# Advanced Certification Program in Computational Data Science
## A program by IISc and TalentSprint
### Learning Notebook: SciPy

## Learning Objectives

At the end of the experiment, you will be able to

* know what is Scipy
* implement some functions of Scipy

### Import required packages

In [None]:
import numpy as np
import matplotlib.pyplot as plt

### SciPy (Library of scientific algorithms for Python)

The SciPy framework builds on top of the low-level NumPy framework for multidimensional arrays, and provides a large number of higher-level scientific algorithms. Some of the topics that SciPy covers are:

* Integration ([scipy.integrate](http://docs.scipy.org/doc/scipy/reference/integrate.html))
* Linear Algebra ([scipy.linalg](http://docs.scipy.org/doc/scipy/reference/linalg.html))
* Optimization ([scipy.optimize](http://docs.scipy.org/doc/scipy/reference/optimize.html))
* Statistics ([scipy.stats](http://docs.scipy.org/doc/scipy/reference/stats.html))

Each of these submodules provides a number of functions and classes that can be used to solve problems in their respective topics.

Here we will look at how to use some of these subpackages.

### Integration

#### Numerical integration: quadrature

Numerical evaluation of a function of the type

$\displaystyle \int_a^b f(x) dx$

is called *numerical quadrature*, or simply *quadrature*. SciPy provides a series of functions for different kind of quadrature, for example the `quad`, `dblquad` and `tplquad` for single, double and triple integrals, respectively.



In [None]:
from scipy.integrate import quad, dblquad, tplquad

Let's compute the integral of the function $f(x) = 3x$ for the $x$ ranging from $0$ to $1$.

In [None]:
# define function for the integrand
def f(x):
    return 3 * x

In [None]:
# set upper and lower limit of x
x_lower = 0 
x_upper = 1 

# perform integration
val, abs_error = quad(f, x_lower, x_upper)

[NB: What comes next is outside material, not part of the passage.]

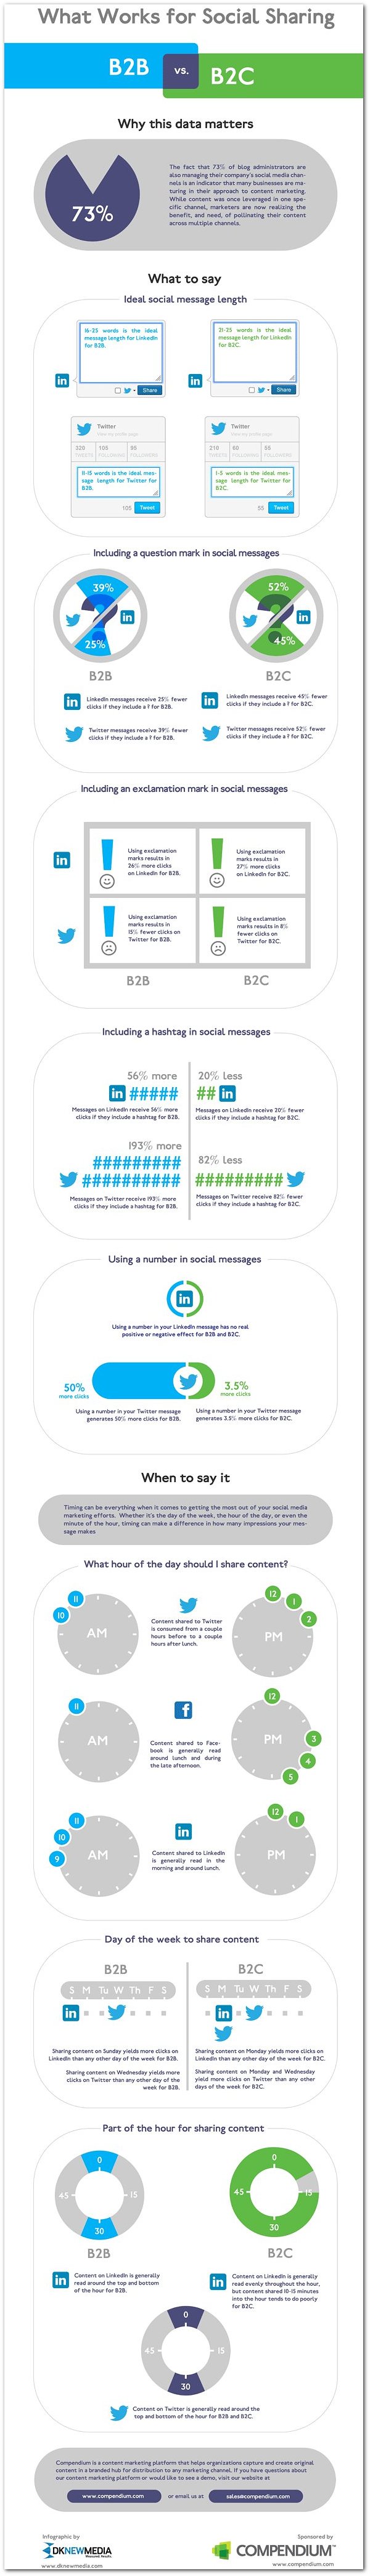 [Infographic] What Works for Social Sharing: B2B vs. B2C
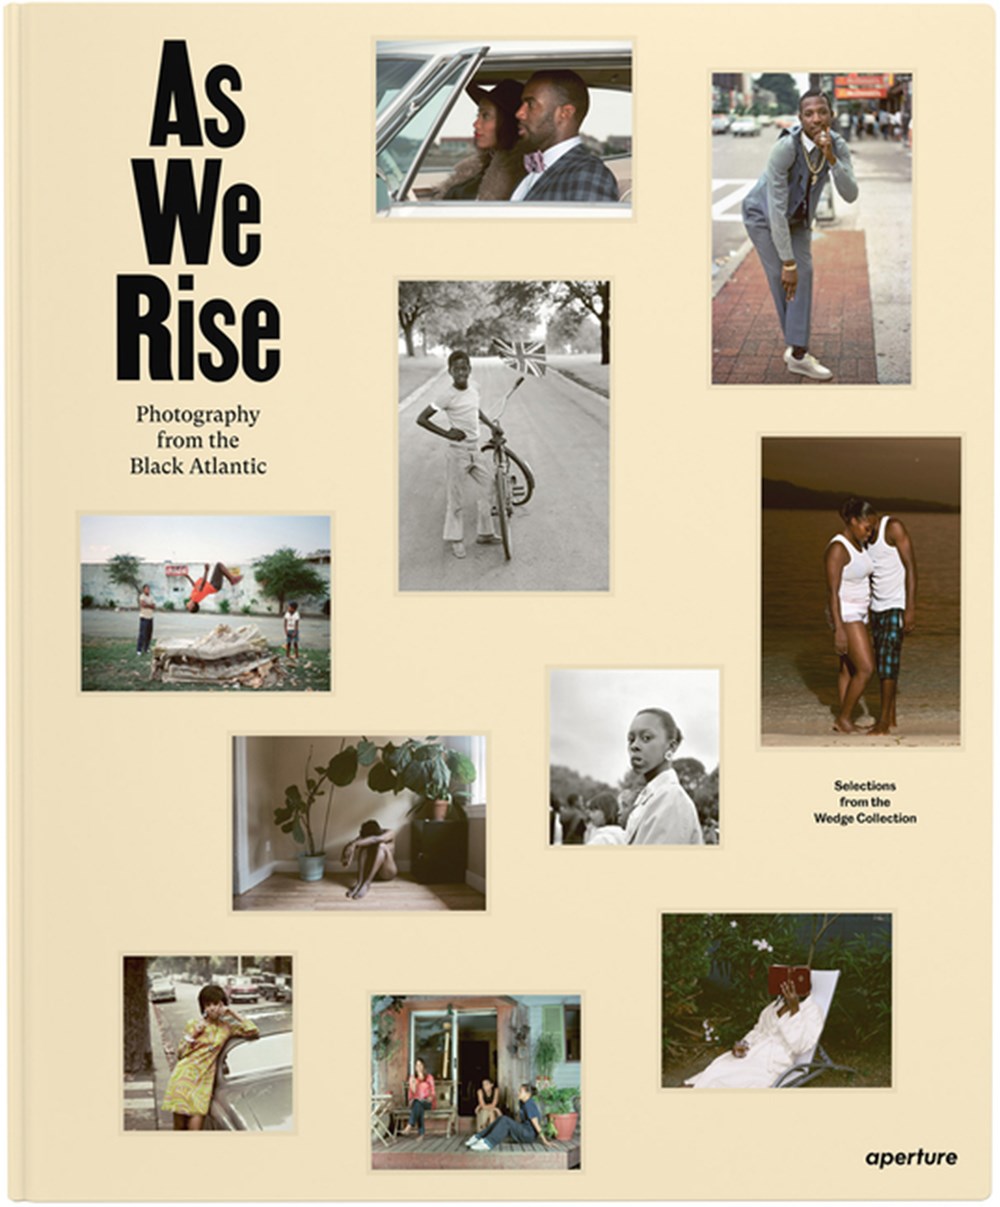 As We Rise Photography from the Black Atlantic: Selections from the Wedge Collection

print("integral value =", val, ", absolute error =", abs_error)

For simple functions we can use a lambda function (name-less function) instead of explicitly defining a function for the integrand:

In [None]:
val, abs_error = quad(lambda x: 3 * x, x_lower, x_upper)

print("integral value =", val, ", absolute error =", abs_error)

Higher-dimensional integration works in the same way.

Let's compute the integral of the function $f(x, y) = x^2 + y^2$ over the $x$ ranging from $0$ to $10$ and $y$ ranging from $0$ to $10$.

In [None]:
# define function
def func(x, y):
    return (x**2 + y**2)

# set limits for x, y
x_lower = 0  
x_upper = 10
y_lower = 0
y_upper = 10

val, abserr = dblquad(func, x_lower, x_upper, lambda x: y_lower, lambda x: y_upper)

print("integral value =", val, ", absolute error =", abserr)

**Note** that we had to pass lambda functions for the limits for the $y$ integration, since these in general can be functions of $x$.

Now, let's see one example using three variables.

Compute the triple integral of the function $f(x,y,z) = x * y * z$, over $x$ ranging from $1$ to $2$, $y$ ranging from $2$ to $3$, $z$ ranging from $0$ to $1$.

In [None]:
# define function
function = lambda z, y, x: (x * y * z)

# set limits for x, y, z
x_lower = 1  
x_upper = 2
y_lower = 2
y_upper = 3
z_lower = 0
z_upper = 1

val, abserr = tplquad(function, x_lower, x_upper, 
                                lambda x: y_lower, lambda x: y_upper, 
                                lambda x, y: z_lower, lambda x, y: z_upper)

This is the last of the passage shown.